With implementation of Medicare Part D, concerns were raised that patients with severe mental illness who were dually eligible for both Medicaid and Medicare benefits would be at clinical risk. In addition to concerns about medication access and continuity, there were concerns about administrative burden for physicians and their staffs. This study aimed to quantify the amount of administrative burden for psychiatrists and their staff related to Medicare Part D prescription drug plan administration in a national sample of dually eligible psychiatric patients and to identify factors associated with increased burden.

METHODS:

A total of 5,833 psychiatrists were randomly selected from the American Medical Association's Physicians Masterfile.
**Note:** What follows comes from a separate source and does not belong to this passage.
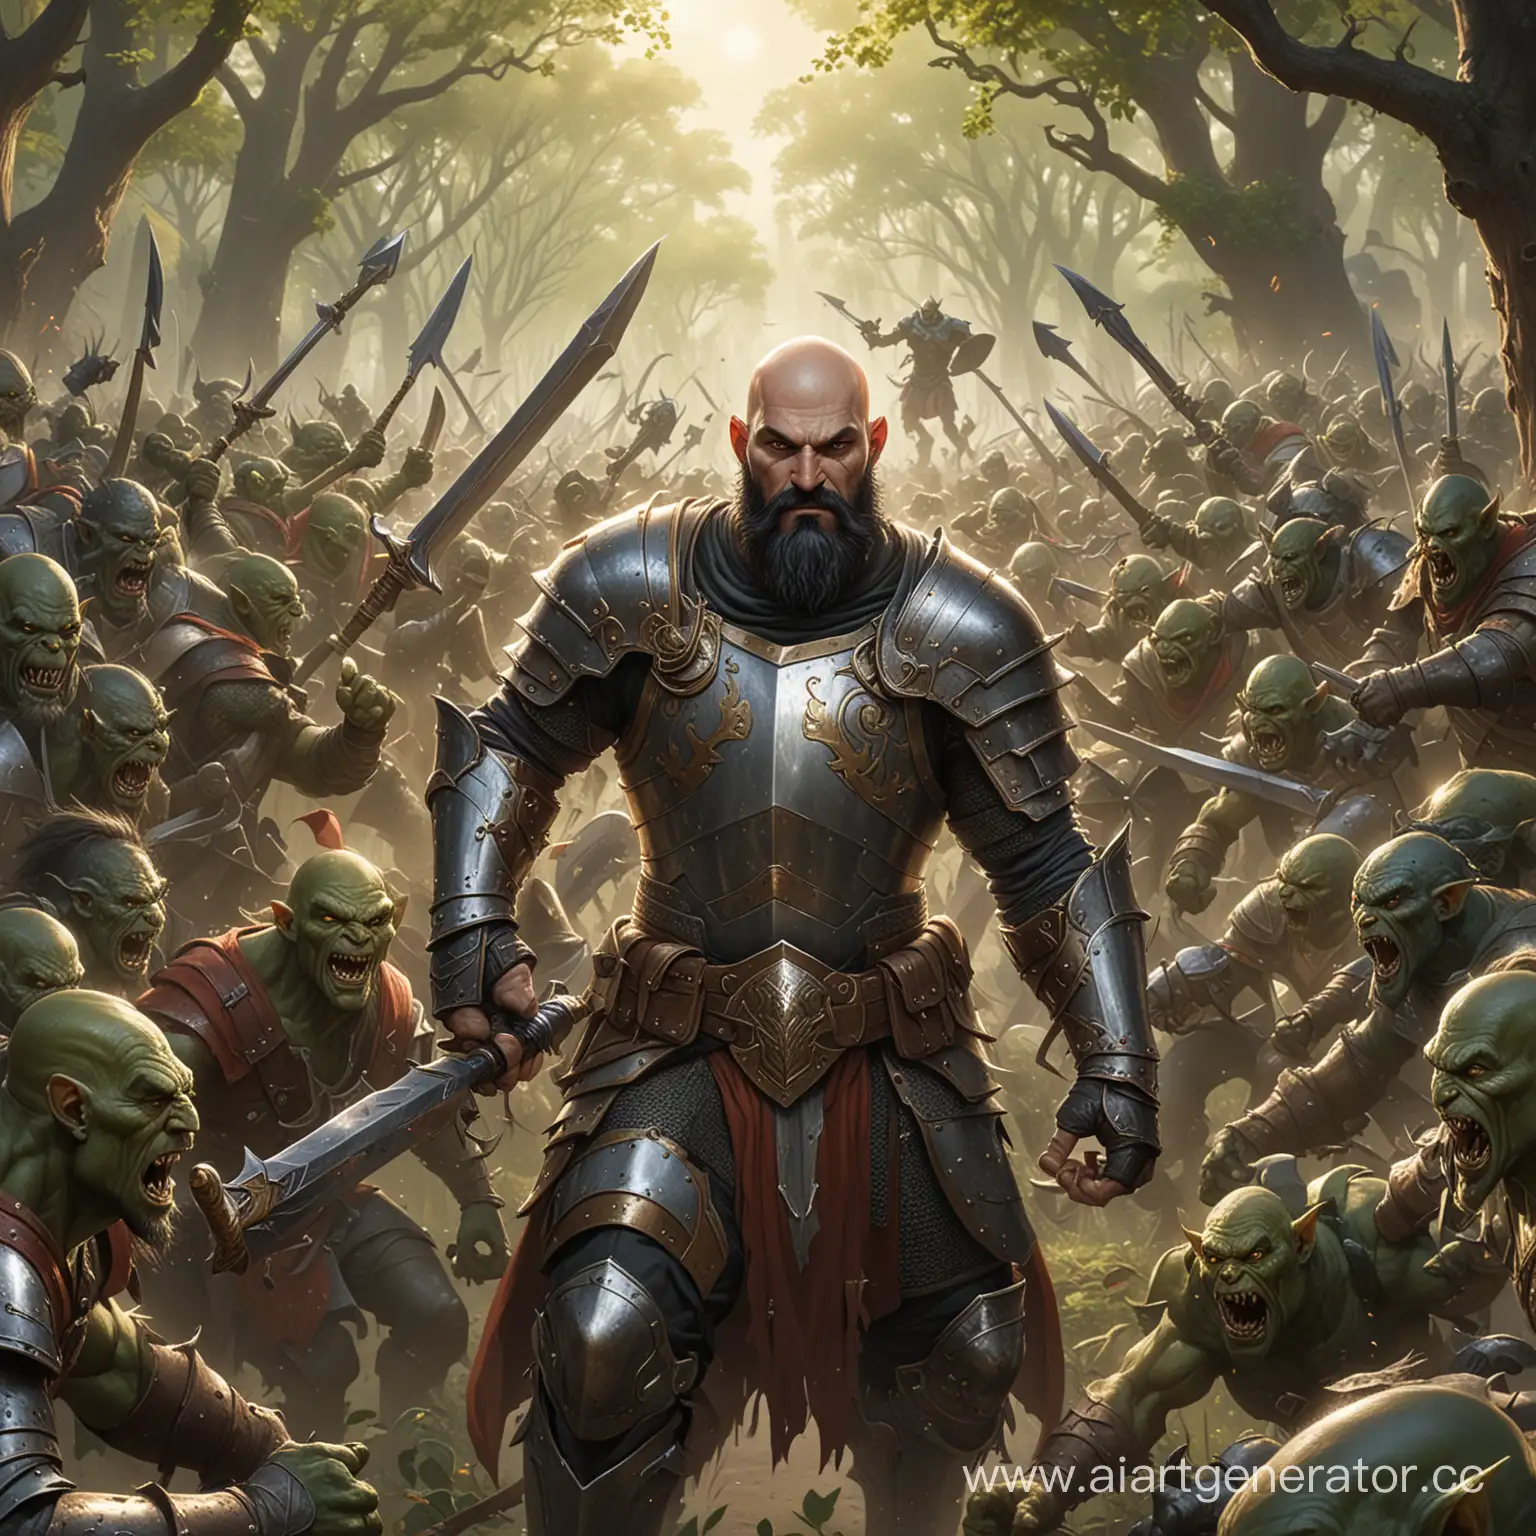 Bald-Paladin-Man-Battles-Green-Goblins-in-Shining-Armor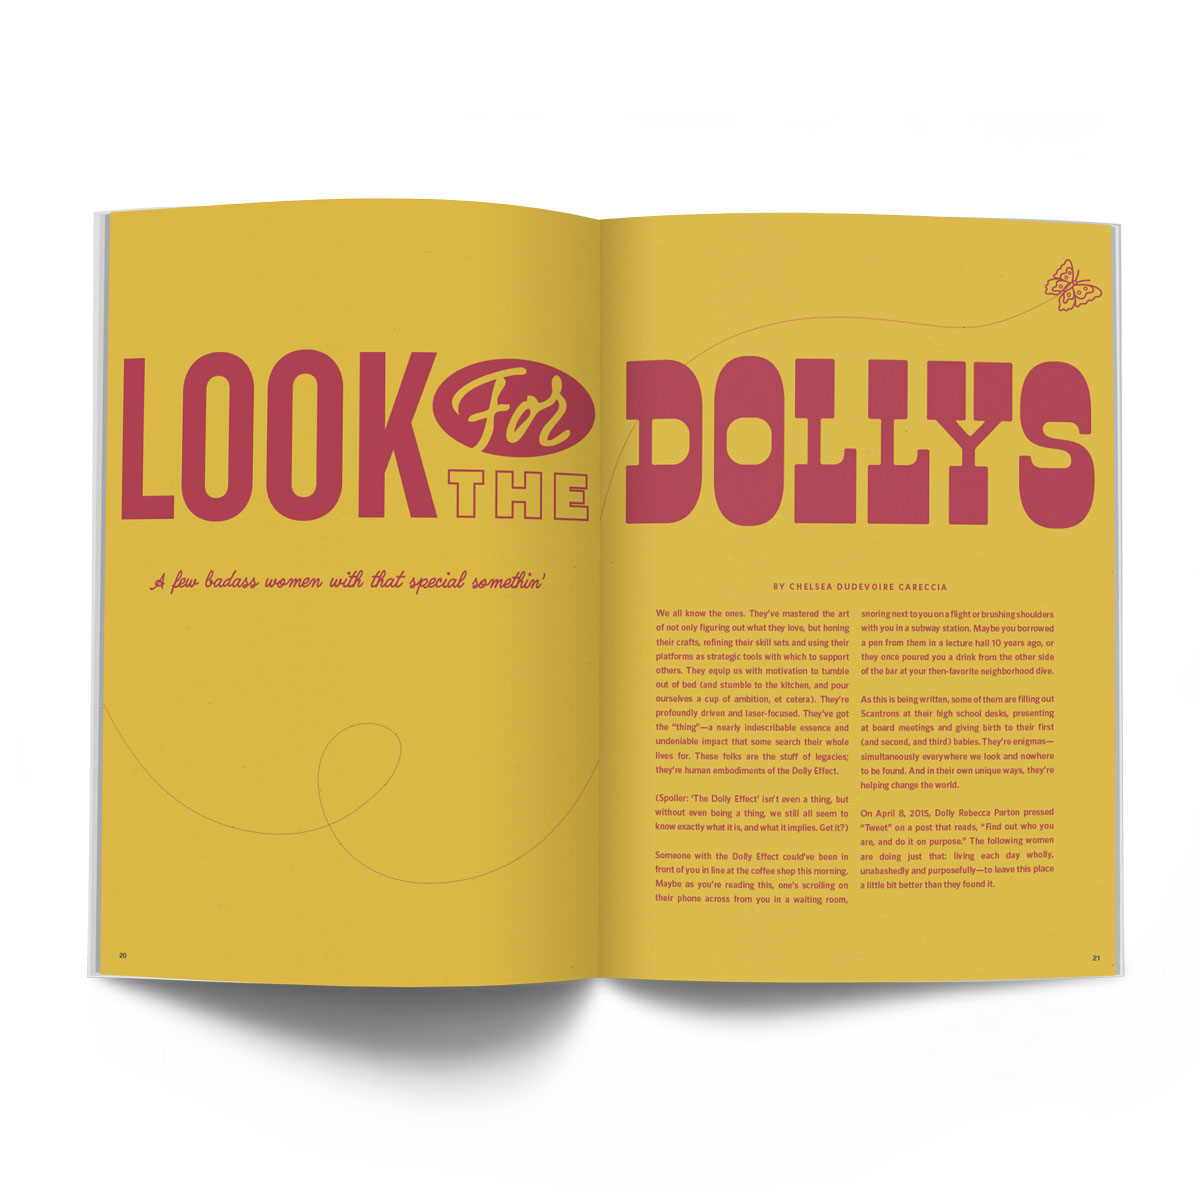 dolly-magazine-mockup-2

Responses were obtained from 64% (N=3,247) with a mailed survey using practice-based survey research methods during the first four months of Medicare Part D implementation (January to April 2006); 1,183 psychiatrists met eligibility requirements.

RESULTS:

Psychiatrists and their staff spent 45 minutes in administrative tasks for every one hour of direct patient care for dually eligible patients. Drug plan features, including prior authorization and preferred drug formularies, and medication access problems were associated with increased administrative time.

CONCLUSIONS:

Results of this study indicate several drug plan features and medication access problems related to Part D implementation were associated with significant increases in administrative burden for psychiatrists and their staff, which may result in less time for direct patient care. Given the vulnerability of this high-risk population, this increased administrative burden may pose a significant risk to the overall quality of care for psychiatric patients.

PMID:
18182537
[PubMed - indexed for MEDLINE]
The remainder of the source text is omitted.